NOW, THEREFORE, in consideration of the premises and of the mutual
agreements herein contained and for good and valuable consideration, the
receipt and sufficiency of which is hereby acknowledged, the parties agree as
follows:
1. Assignment and Assumption. Effective as of and from December 29,
2006 (the "Effective Date"), Assignor hereby assigns all of its rights and
delegates all of its duties and obligations to Assignee, and Assignee hereby
assumes all Assignor's rights, duties, and obligations, under the Assigned
Transaction and the Confirmation arising on or after the Effective Date.

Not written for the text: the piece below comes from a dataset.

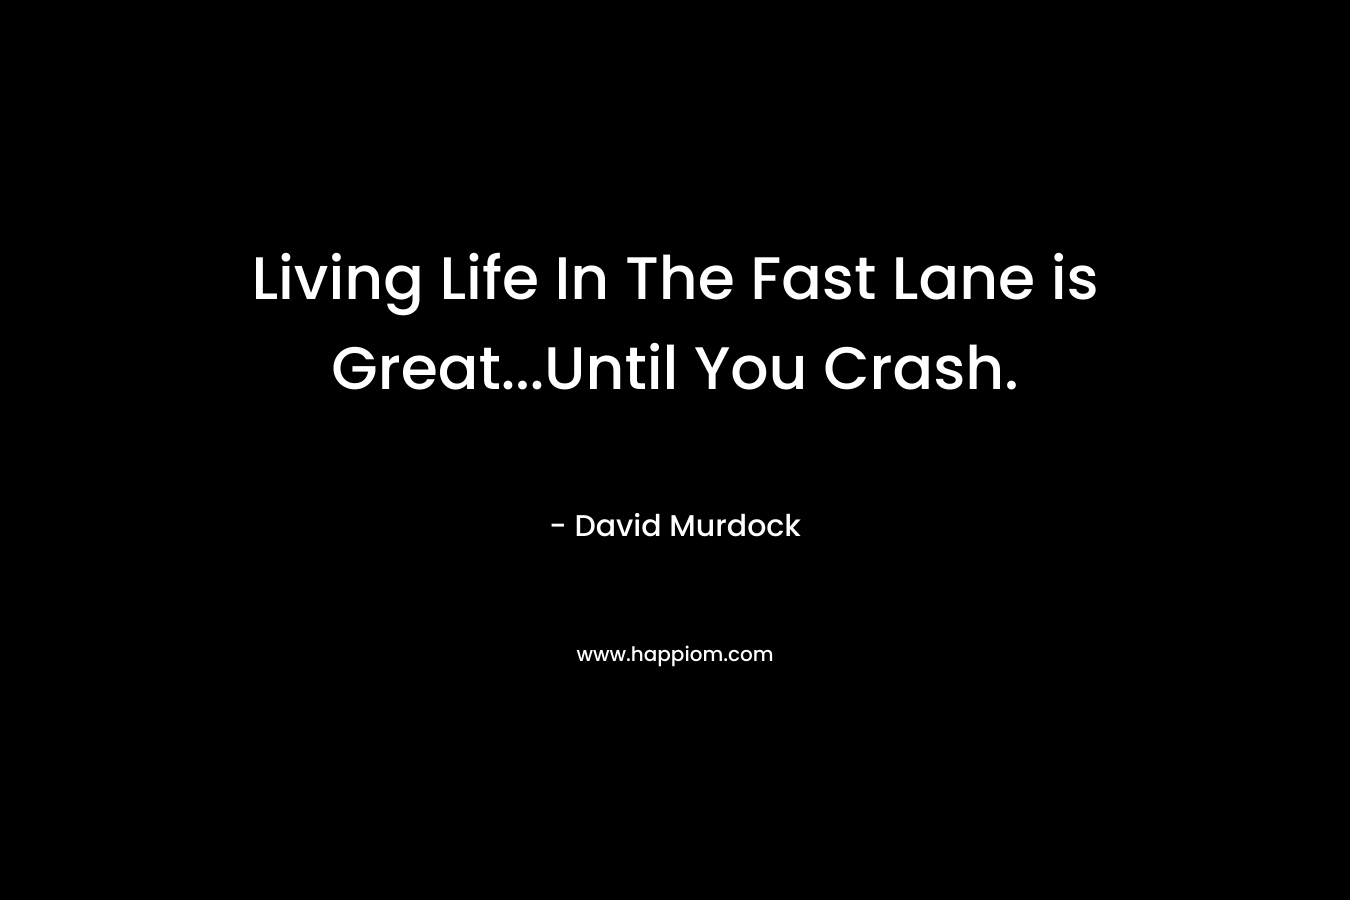 Living Life In The Fast Lane is Great…Until You Crash. – David Murdock

2. Release. Effective as of and from the Effective Date, Remaining
Party and Assignor hereby release one another from all duties and obligations
owed under and in respect of the Assigned Transaction and the Confirmation,
and Assignor hereby terminates its rights under and in respect of the Assigned
Transaction; provided, that such release shall not affect
Remaining Party's obligation to pay the Additional Payment in accordance with
the terms of the Assigned Transaction and the Confirmation.
3. Limitation on Liability. Assignor and Remaining Party agree to the
following: (a) The Bank of New York ("BNY") is entering into this Assignment
Agreement not in its individual or corporate capacity, but solely in its
capacity as Swap Contract Administrator under the Swap Contract Administration
Agreement; (b) in no case shall BNY (or any person acting as successor Swap
Contract Administrator under the Swap Contract Administration Agreement) be
personally liable for or on account of any of the statements, representations,
warranties, covenants or obligations stated to be those of Assignee under the
terms of the Assigned Transaction, all such liability, if any, being expressly
waived by Assignor and Remaining Party and any person claiming by, through or
under either such party; and (c) recourse against BNY shall be limited to the
assets available under the Swap Contract Administration Agreement or the
Pooling and Servicing Agreement for CWALT, Inc. Alternative Loan Trust
2006-OC11 dated as of December 1, 2006 among CWALT, Inc. as depositor, Park
Granada LLC, as a seller, Park Monaco Inc., as a seller, Park Sienna LLC, as a
seller, Countrywide Home Loans, Inc. as a seller, Countrywide Home Loans
Servicing LP, as master servicer, and BNY, as trustee (the "Pooling and
Servicing Agreement").
4. Consent and Acknowledgment of Remaining Party. Remaining Party
hereby consents to the assignment and delegation by Assignor to Assignee of
all the rights, duties, and obligations of Assignor under the Assigned
Transaction pursuant to this Assignment Agreement.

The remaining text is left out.